Thank you. [Operator Instructions] Our first question comes from Christopher Marai of Oppenheimer. Your line is open.

Good afternoon. Thanks for taking the question and congrats on the quarter. I was just wondering if you could further elaborate on sales in Germany. I was wondering are those sales via the importation pathway in newly identified patients or are those old patients who had previously received drug and now have been converted. And then could you perhaps comment, I guess this is for Mark, on patient finding efforts in Germany now that you’re using that importation pathway. And I have a follow-up, thanks.

So, Hi, Chris, this is Mark, thanks for the question. So I think the first priority for patients in Germany is that those that are an existing treatment get successfully transferred onto the foreign importation process. So we’re very pleased to see that that is already happening and it’s very fast. If you think about the fact that we delisted on the 1 of April already numerous patients have already shifted on to foreign importations. So that’s the first priority and this will happen – we expect in the coming month or so. Beyond that, as new patients get identified, they will then be able to also access Translarna through this process.

But just to be clear, Chris, it’s Shane speaking. For the first quarter sales none of those sales in the first quarter reporting today reflect the real importation into Germany.

Right. They were all discounted price for delisting.

Got it. And then, how far along are you with respect to converting those Q1 delisted patients into importation pathway patients. Is there a percentage you could give roughly?

Thank you very much for asking, but I think you’ll appreciate that we’ve really don’t go down to patient type of level detail. But you may recall that we were suggesting it could take a couple of months to undertake this process, and we’re really pleased that in less than a month we’ve already seen numerous patients already switched on to this. And I guess more importantly you’ve seen that today we’ve reiterated our revenue guidance of $65 million to $85 million this year.

Got it. And then just with respect to the ongoing NICE discussions, I mean it sounds like they were delayed slightly. Could you just confirm what we've learned which is that the additional time required with NICE is not about our price to pay, but it's rather about other aspects such as like five-year follow-up and other high requirements that they had a few? Thanks.

So you’ll recall that we got a positive recommendation for funding from NICE back in April. And you're right, they’ve recently just extended the periods for public consultation followed by about eight weeks before – by which they’ve agreed to publish to that point the final guidance. So within this period that NHS England and PTC are just working to finalize the elements of the managed access agreement. And this is a high priority for both parties. We've had multiple productive discussions and we have a draft agreement and we're just looking forward to finalizing that as soon as possible, there are many different elements in a managed access agreement.

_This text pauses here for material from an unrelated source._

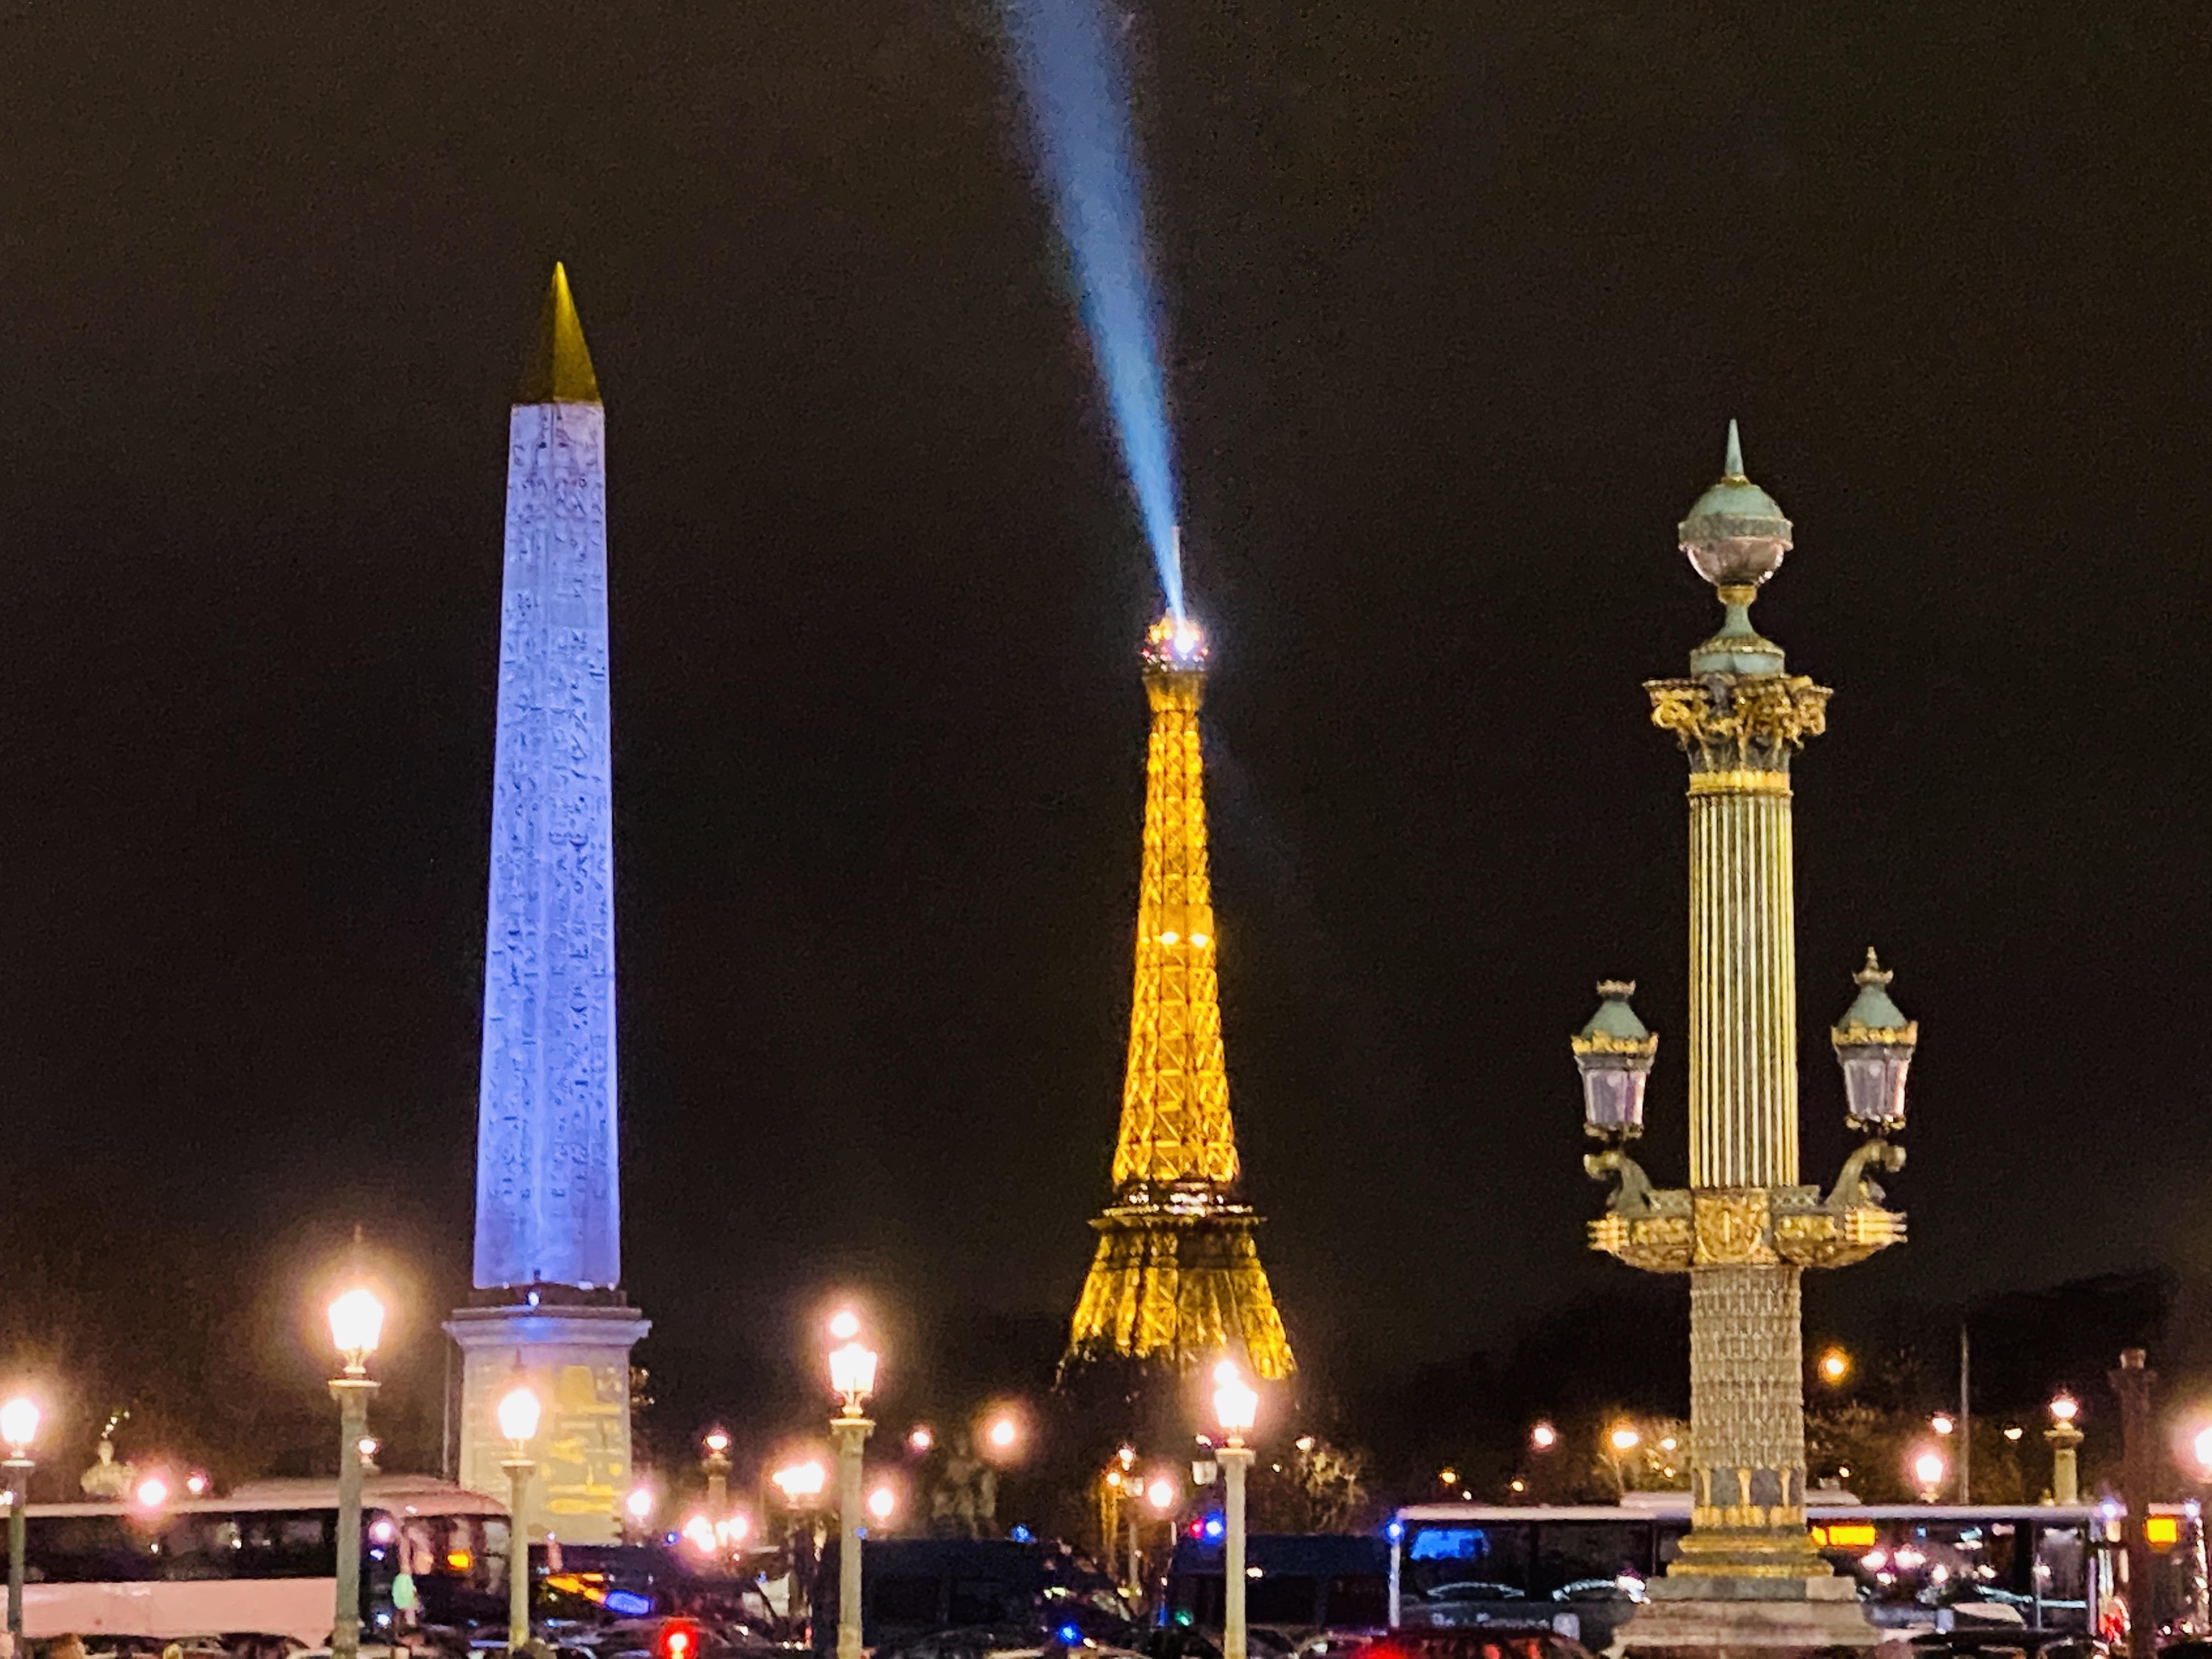 Three "towers" in Paris

Okay. And just to be clear, it's not regarding a price to pay, correct?

This is about finalizing the draft agreement. And I said there are a multiple different points that were opened that needed just be closed. It’s a general point that this whole agreement has many different chapters, it just needs to be finalized, I's dotted and the T's crossed.

Understood. Thanks so much.

Thank you. Our next question comes from Geoff Meacham of Barclays. Your line is open.

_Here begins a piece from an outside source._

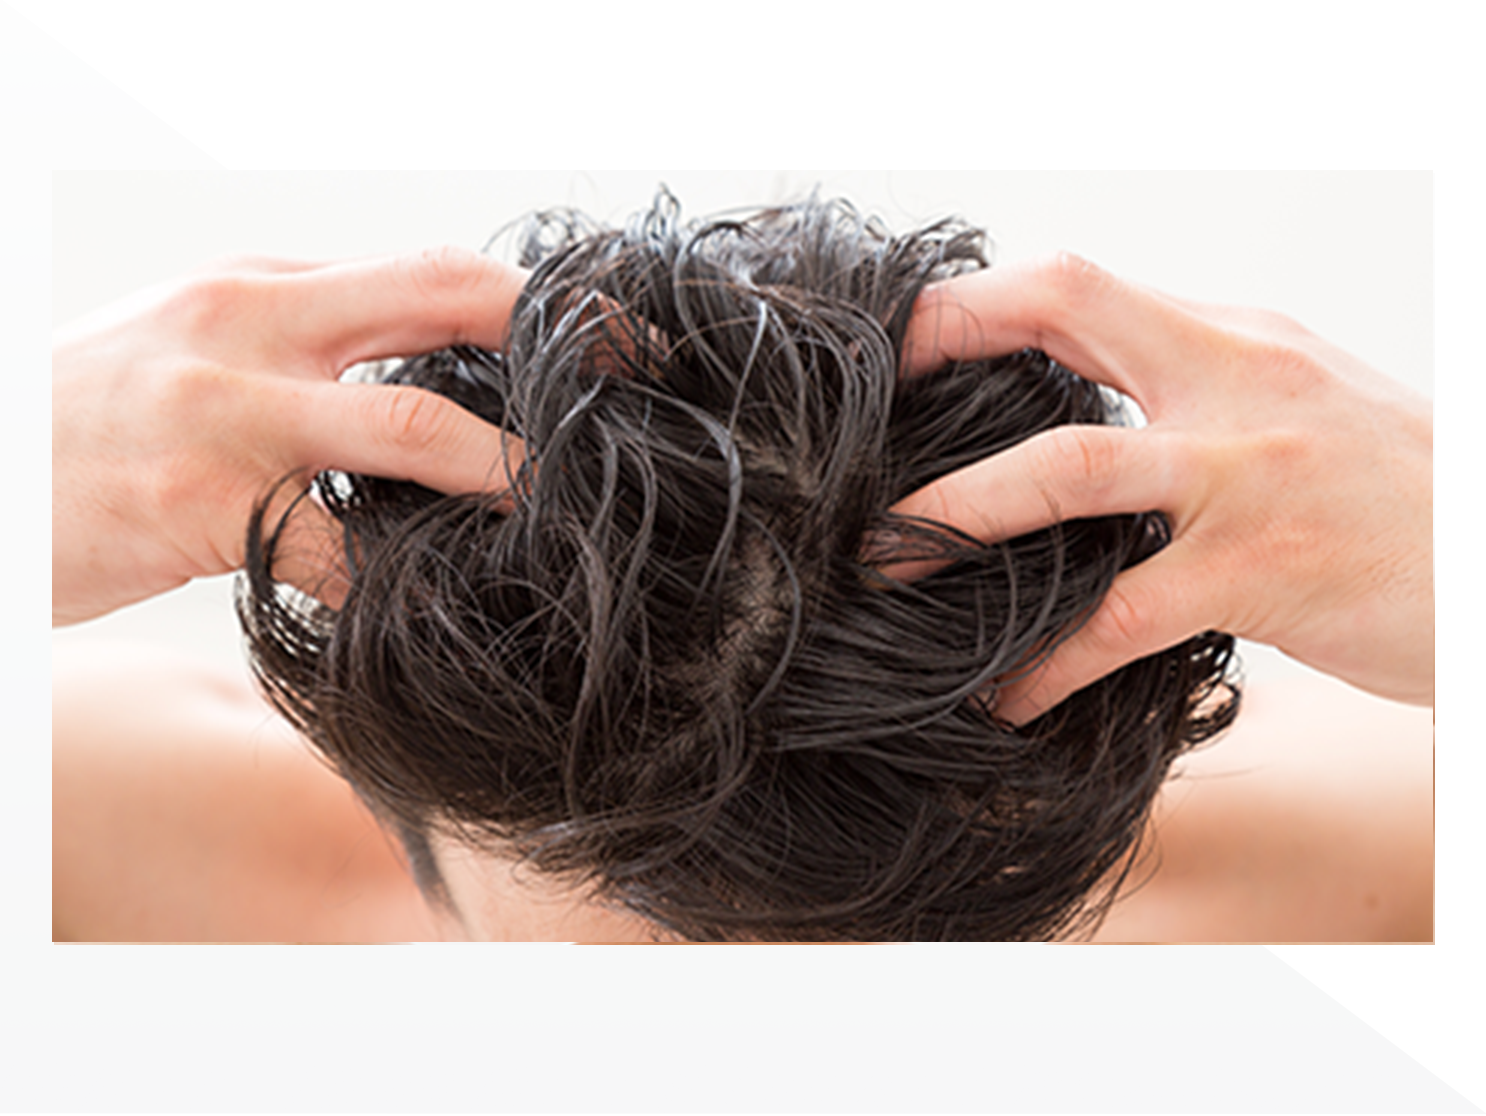 “蓄積皮脂”は発毛剤・育毛剤の浸透に影響

Hey, guys. This is Evan Seigerman on for Geoff. Thanks for taking my questions. So the first one is have is about the current Phase 3 in CF. I know you had mentioned something about this before, but how much of a role does this have and EMA’s decision regarding conditional approval. Now from the commentary it appears that you will most likely need this, but could you give us some understanding of why EMA would potentially, conditionally approve without this data.

So, let me just remind you that we – obviously we – with CF is actually a variation on the conditional approval, so it’s actually a full approval it’s variations. So if this mission is really based on the full approval from our previous Phase 3 trial. So it’s really just based on recent interactions with the regulator, the recent interactions with the regulator, that really basically that we submitted the basis of that, and that we're testing whether it's sufficient enough to demonstrate benefit for patients. So I think what we're doing is that they're linked and so in a sense that CF variation really is depended on the market authorization for DMD. So that's really the connection between the two of them.

Okay. And switching to DMD, could you remind us what the criteria would be for EMA to pull the drug? And are there any precedents for where to pull a drug from conditional approval where there is no safety signal.

Yes. So let me just remind you as I said in the prepared remarks there’s three – there are three ways in which we can get this drug which is full approval, condition approval or pull the drug. And obviously we're working hard to ensure that we get one of the two there. There are small number of cases of conditional approval and each one is different. So there's not a lot of data points to draw any conclusions from them. There's not very many of that happen. And our focus is really with the CHMP to make sure we discuss with them the efficacy of Translarna and belief that we have that the results support the benefit risk for the patients.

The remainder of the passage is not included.